I learned the hard way and will not do it again. Most folks are reasonable and understanding, and if I couldn’t meet their time frames I referred them to another qualified writer.
5. Looking back, what would you have done differently? Done the same?
Bettie: I would not have overbooked myself (see above).
Almost everything else was an evolution, learning how to run my own small business from my home.
All in all, it’s been an interesting ride!
6. What advice would you give someone just entering the resume-writing industry?
Bettie: Always strive for excellence in your products and your customer service.
Read everything you can find on resume writing (much of it is redundant but sometimes you’ll find a gem or two) and incorporate the learning into what you know.
Be clear on why you want to write resumes – my motivation was to help friends/family members and later non-relative clients present themselves in their very best light to prospective employers.

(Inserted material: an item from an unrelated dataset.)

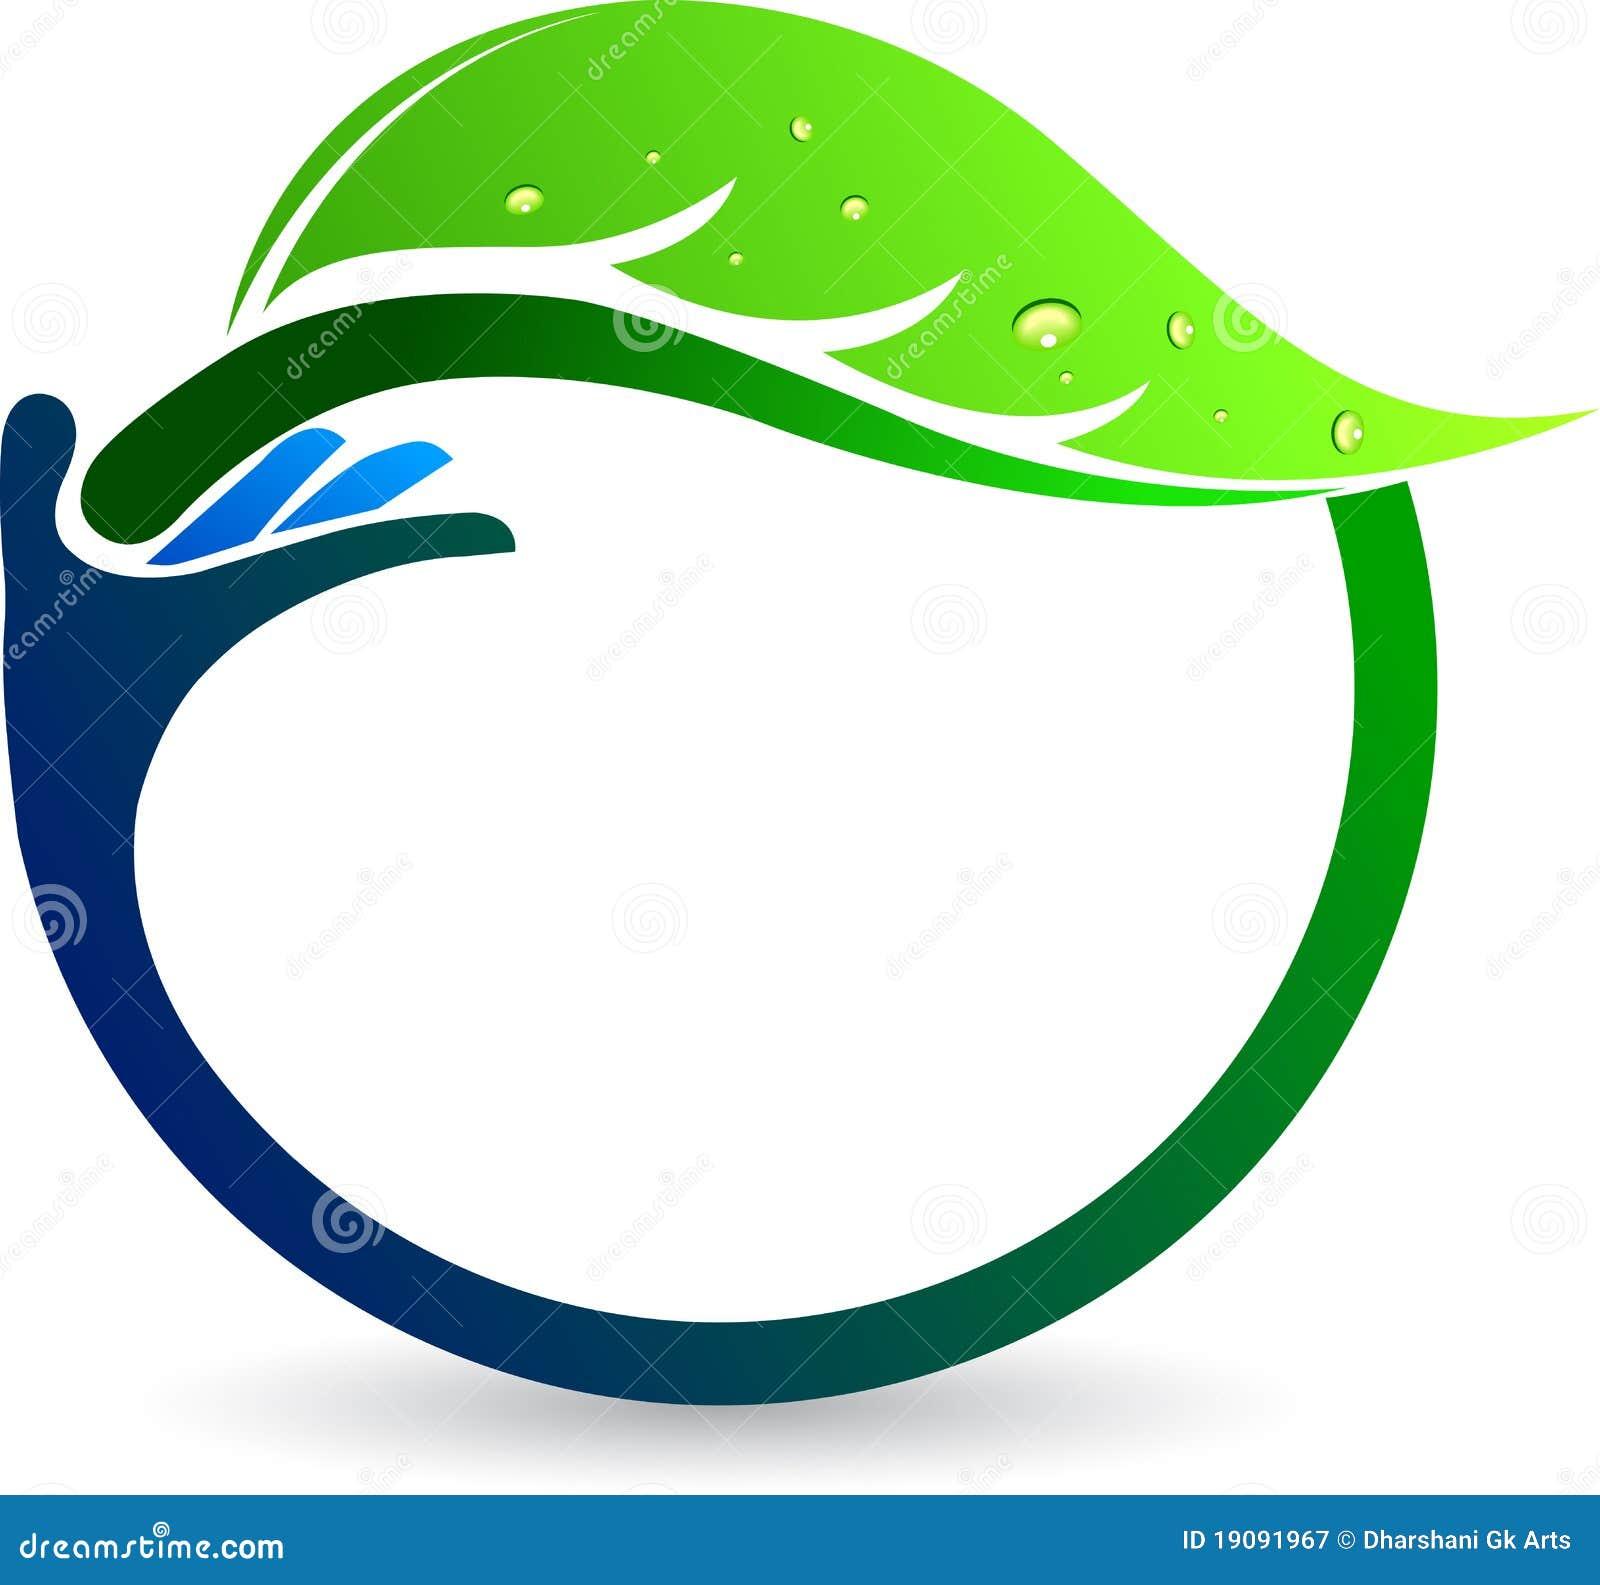 Hand Leaf Logo Royalty Free Stock Photography Image
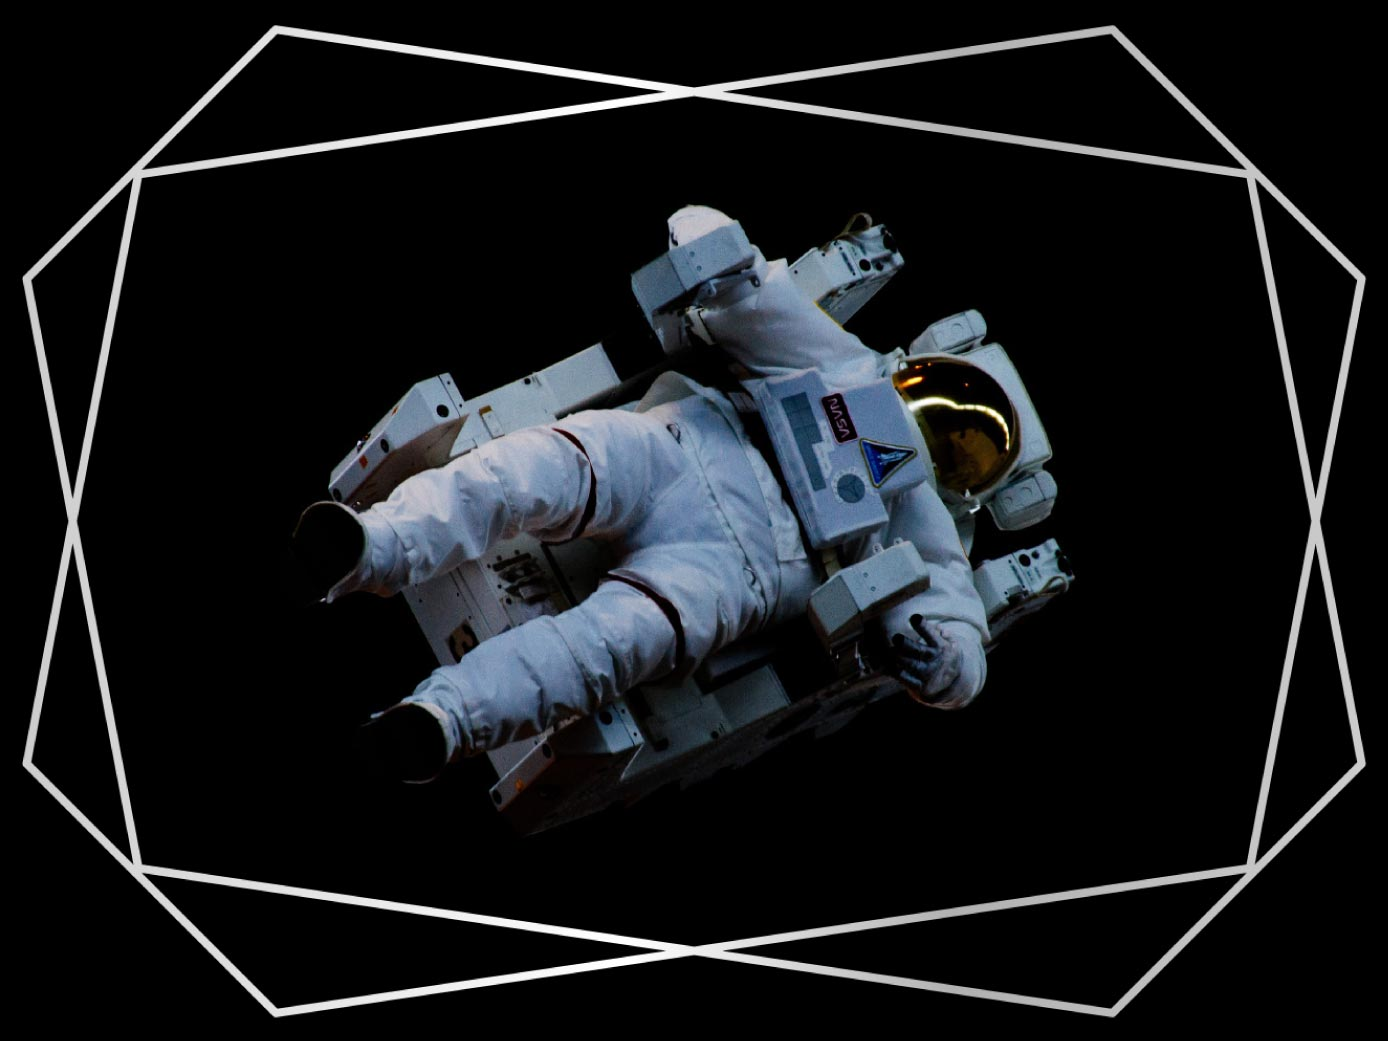 Silver geometric frame for Mac in ImageFramer

As an HR professional, I felt I had a lot to offer, combined with my writing skills and experience as a hiring manager. I wanted to help people. I know that sounds like a cliché, but it’s true.
7. How do you see our industry transforming over the next 12 months? 5 years? What do you think resume writers need to know in order to survive?
Bettie: I’ve experienced major transformations in the style/format/design/writing of resumes over the last 10 years and would imagine that the changes will keep on coming.
I think resumes will continue to be a valid door opener for job candidates, presenting what they can offer to employers in nutshell form.
Writers need to read everything they can on trends in recruitment, hiring, resume writing, and stay current in the full life cycle of employment.